Mariana, no quiero juzgarte, quiero ser justa, conocerte en todas tus dimensiones. No quiero decir que seas  culpable de una sola de sus acciones;  pero sí creo que tuvieron la posibilidad de prevenir, de enmendar, de corregir, de hacer algo, cualquier cosa. Creo que antepusiste le amor enfermizo por tu hijo-manzanapodrida ante el cuidado de los otros. ¿No sabes que la fruta podrida extiende su corrupción a las demás?
Justo antes de que pasara todo esto y que nos enteráramos del caso y de la demanda, llegamos a comer, y una vez más me robó, me  vació el bolso después de darme un beso de buenas tardes. Nos fuimos rápido porque yo no quise decirles nada, me tragué las lágrimas una vez  más y me fui sin hacer escándalo. Cuando llegamos a la casa le comenté a mí esposo que la gente como él sólo tiene dos finales: terminar preso o muerto. Sinceramente, me alegraría que hubiera sido al menos la primera. Odio el papel de juez, quién soy yo para señalar, pero la verdad es que lo merecía, merecía estar alejado de cualquier posibilidad de seguir repartiendo su ponzoña, pero así funciona el sistema judicial ¿a cuántos tuvieron que comprar? ¿Cuántos miles se gastaron en mordidas? Cuando él estuvo huyendo, no pregunté nunca dónde estaba, de hecho te pedí que no nos lo contaras porque no me interesaba y porque no quería sentirme involucrada, y todavía te indignaste. Siempre  has dicho que soy desconsiderada,  puede que lo sea, pero me parecía el colmo de lo hipocresía preguntar por alguien que no sólo no me importa, sino al que me gustaba saber lejos.  Claro, me dolías tú, Mariana, me dolía ver cómo sufrías, porque tu mundo, él, tu hijo cuervo, tu hijo perro, estaba lejos.
Esta fue la primera vez que no recibimos al año nuevo juntos, desde que él regresó me pediste que no llegáramos a ciertas horas, “porque es tu hijo y no querías que le pusiera malas caras”. Todavía debía seguir sonriendo como durante estos veinte años, en que no ha hecho nada más que apuñalarme por la espalda.

Te adoro, abuela; pero ya me cansé, tiro la venda, no la quiero en los ojos ni como mordaza, por eso te digo aquí algunas de las cosas que oí y vi.
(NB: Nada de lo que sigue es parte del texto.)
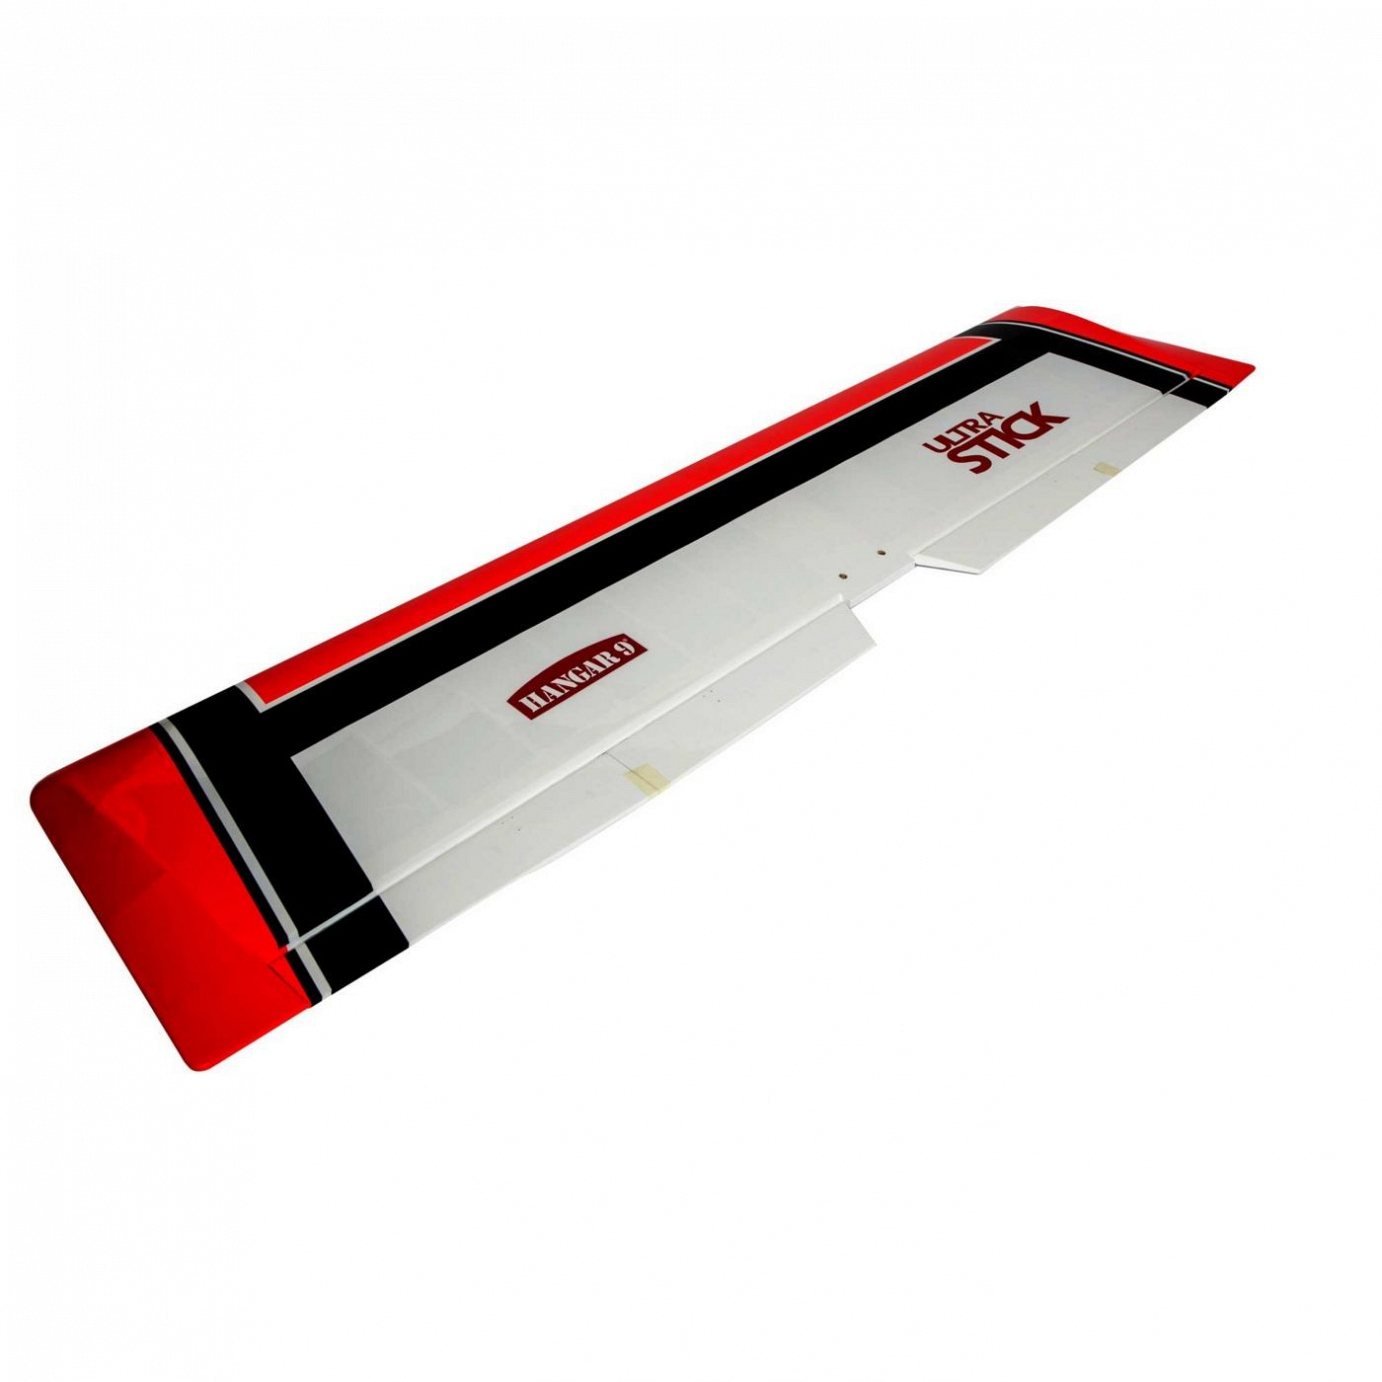 Hangar 9 Wing with Ailerons and Flaps, Ultra Stick 10cc

Me doy cuenta  de que esto nos aleja, me siento como una barca que se aleja ineludiblemente de la playa. Quité la costra para curar esta infección, quiero dejar de matar en sueños, quiero no sentir culpa por haber callado, por eso ahora te lo repito, te lo intenté explicar cuando salió el caso y te indignaste, diciendo que cómo era posible que desconfiara de él de esa forma. No es desconfianza, se llama certeza, se llama rencor porque nadie tiene derecho a hacer lo que él hizo con mi cuerpo, se llama rabia porque me hizo sentir culpable todo este tiempo, yo sólo tenía cuatro años, qué más podía sentir que esa sensación de pena. Pero supongo que saberlo no te servirá de nada, porque en el fondo creo que siempre has sabido todas estas cosas, me niego a creer que seas tan ciega,  quizá prefieres  negarlas. Te juro que no quería decírtelo todo,  te juro que no quiero juzgarte, ni que sientas culpa. Yo no quería que esto pasara y menos que el círculo se cerrara de esta forma, pero prefiero echar alcohol sobre la herida para curarla, aunque me arda.